We could verify the importance of eDMR in epigenetic regulation of the anti-PD-1 response with a recently published independent cohort of NSCLC patients with methylation profiles by EPIC chip, recruited by Samsung Medical Center (referred to as SMC cohort)41 (detailed information is described in Supplementary Methods and Table S6). We found that although both pDMR and eDMR are significantly overlap between our cohort (referred to as YCC cohort) and SMC cohort, concordance for eDMR between two independent cohorts was substantially more significant (Fig. S1). Furthermore, we found that eDMR target genes are significantly enriched for immune-related, oncogenic, and metabolic-regulation pathways, but not for pDMR in SMC cohort (Fig. S2). These consistent results from two independent cohorts confirmed that eDMR has bigger roles in epigenetic regulation via methylation than pDMR in anti-PD-1 efficacy.

Methylation status of MHC-II enhancers is associated with the anti-PD-1 response

We found that the most significantly associated KEGG pathway term with eDMR target genes was “Antigen processing and presentation”. Given that tumor-derived antigen processing and presentation on MHC molecules are critical for the recognition of cancer cells by T cells, we hypothesized that antigen presentation is modulated by epigenetic regulation of HLA genes via differential methylation of enhancer regions. We found that most HLA genes targeted by DMRs were MHC class II molecules (e.g., HLA-DM, HLA-DO, HLA-DP, HLA-DQ, and HLA-DR) and showed significantly higher expression levels in responders compared with non-responders (Table S4a). Notably, most promoters of HLA genes showed no significant differences in methylation levels between responders and non-responders (Table S4b), suggesting that epigenetic regulation of HLA genes, particularly those encoding MHC-II molecules, via DNA methylation is mediated by enhancers rather than by promoters. Regulatory interactions between enhancers (eDMRs) and promoters of target HLA genes were visualized using Integrative Genomics Viewer (Fig. 3a). Multiple studies have shown that the expression of MHC-II molecules in melanoma is associated with the anti-PD-1 therapeutic effect42,43. Collectively, these results suggest that the methylation status of MHC-II enhancers in tumors modulates the anti-PD-1 therapeutic effect.
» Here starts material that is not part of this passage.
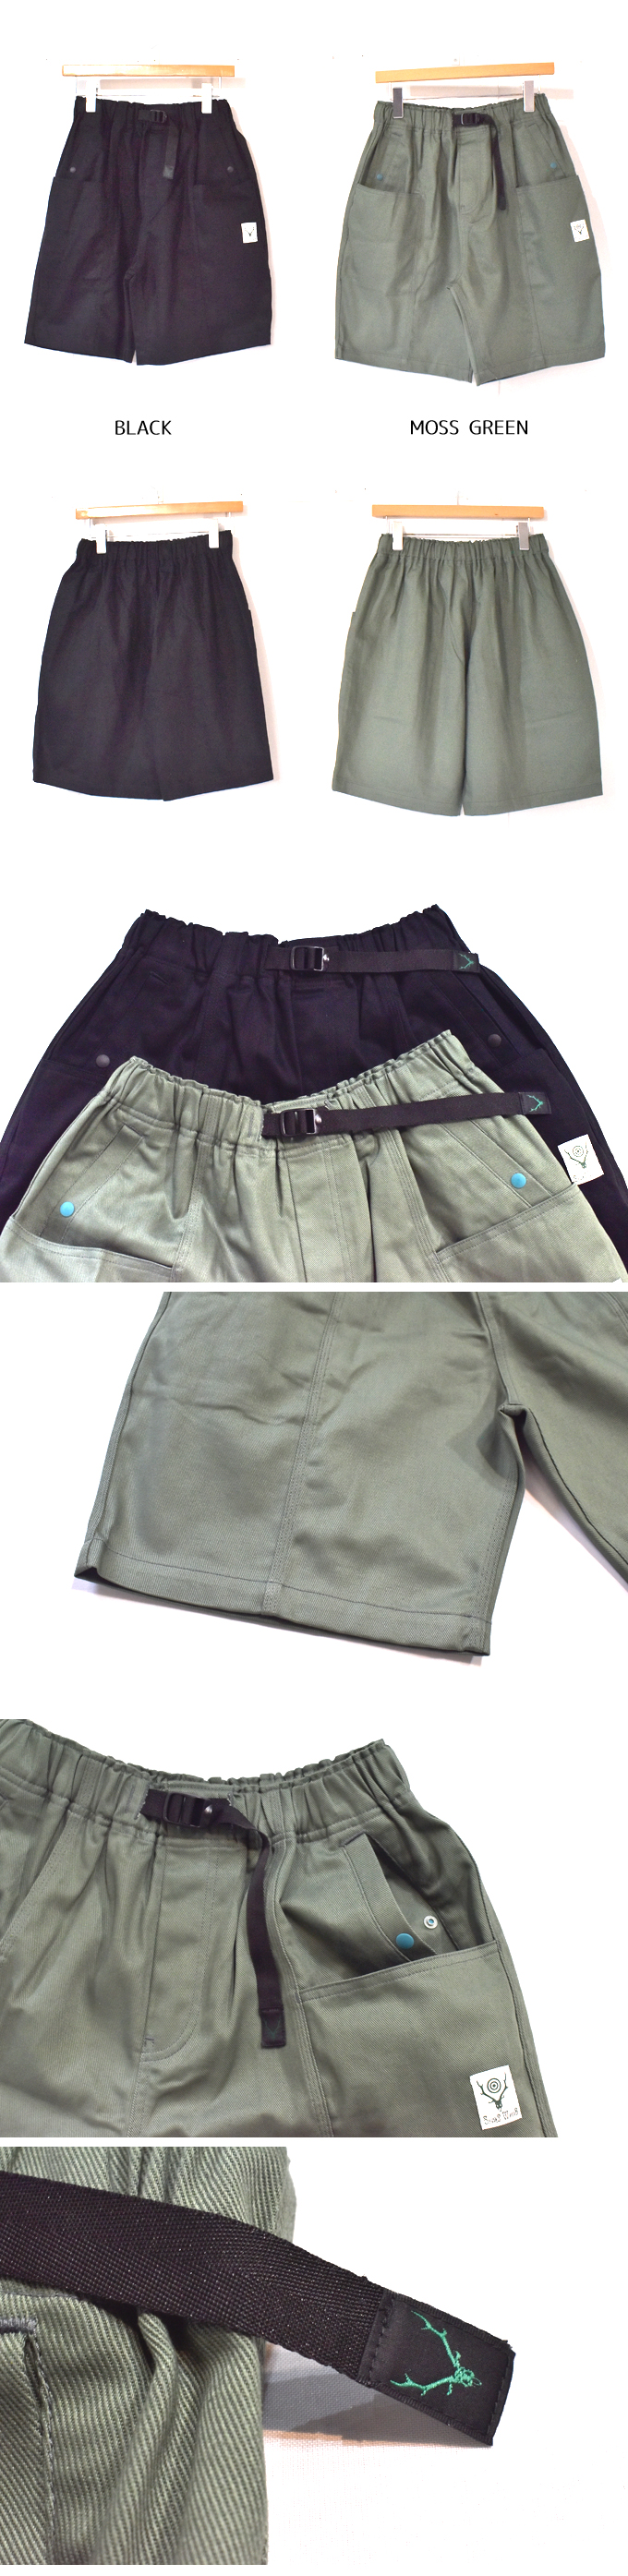 South2 West8 BELTED C.S. SHORT - COTTON TWILL

Fig. 3. Differential methylation of HLA gene enhancers for the anti-PD-1 response.

Fig. 3

a Integrative genomic view showing HLA gene clusters of human chromosome 6. Arches represent enhancer–promoter interactions. b Megascopic views of enhancer-containing regions (I–V) to highlight sequence region overlap among HLA genes, DMRs, enhancers, and super-enhancers. c Comparison of mean beta values of eDMRs targeting MHC-II between responders (R) and non-responders (NR). d, e Comparison of xCell scores between responders (R) and non-responders (NR) for CD4+ effector memory T cells d and CD8+ T cells. e The significance of difference between two groups was tested by a Wilcoxon one-sided rank sum test.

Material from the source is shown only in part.